Loreto Valentina Romero Ponce studied Electronic Engineering at Universidad Técnica Federico Santa María (UTFSM) in Chile. Her specialization is in Telecommunications and she has specialized in Computer Networks and Optical Fibers Propagation. During the writing of her thesis at UTFSM, she implemented an interferometric optical phase detection scheme for Distributed Acoustic Sensors using Rayleigh backscattering, receiving her title in 2022.
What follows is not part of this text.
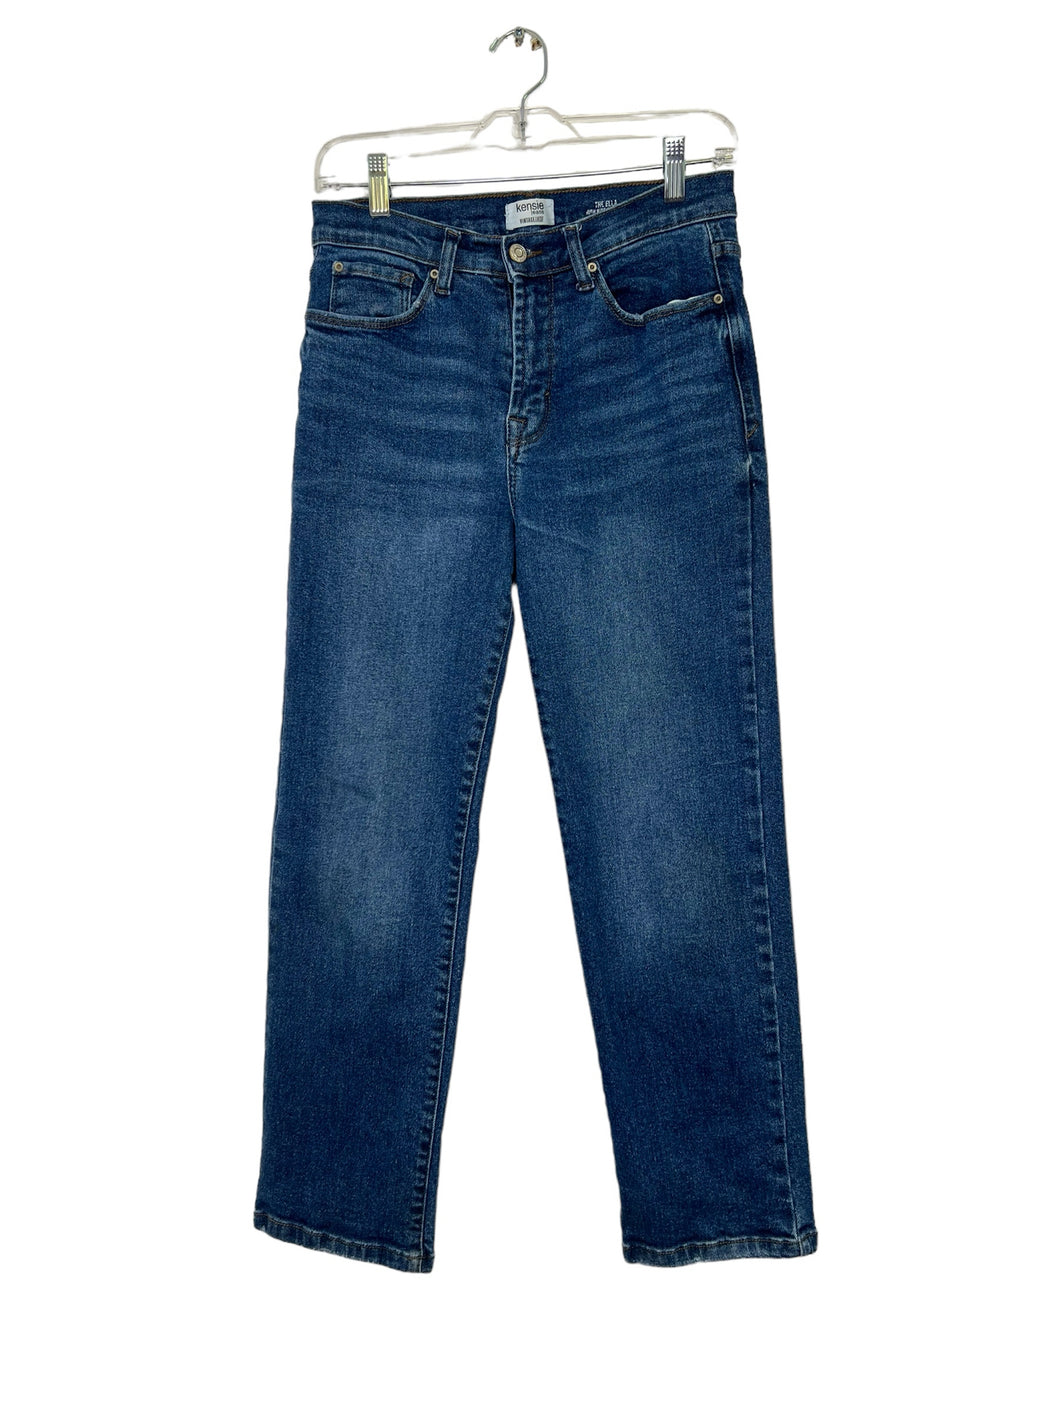 Kensie Size 6 Denim Jeans- Ladies

In the last year, Loreto worked at a science and technology center from UTFSM where she led the commissioning and subsequent installation of a Chilean-designed equipment, capable of transmitting wave signals within the 5G-6G band, at the Nokia Bell Labs facility in Murray Hill, New Jersey, USA.

Project Objectives:

The main objective is to develop novel and effective models and data analysis algorithms to characterize the local properties of SDM fibres by analyzing the Rayleigh scattering of the fibre. This should be done having in mind both fibre distributed characterization and its application to distributed sensing. Concisely, the activity consists in the following main tasks:

  • Implementation of an accurate numerical system model to generate realistic synthetic distributed measurements.
  • Theoretical analysis of the intrinsic limits and bounds of distributed measurements.
  • Design and development of novel algorithms to determine specific properties of the fibre, such as intrinsic modal dispersion and bending-and twist-induced coupling.
  • Implementation of experimental testbeds.
  • Experimental verification and application of the developed distributed measurement techniques.

Expected Results: 

Exploring and exploiting use of multimode fibers to enhance performance of distributed sensors e.g. reflectometric measurements. Development of numerically assisted methods, using tools such as data-driven discovery of partial differential equations and machine learning (objective 3). To this aim, reliable synthetic data must be created (objective 1) and intrinsic bounds must be analyzed (objective 2). The techniques will be tested in controlled conditions (objective 4) and applied to various scenarios (objective 5).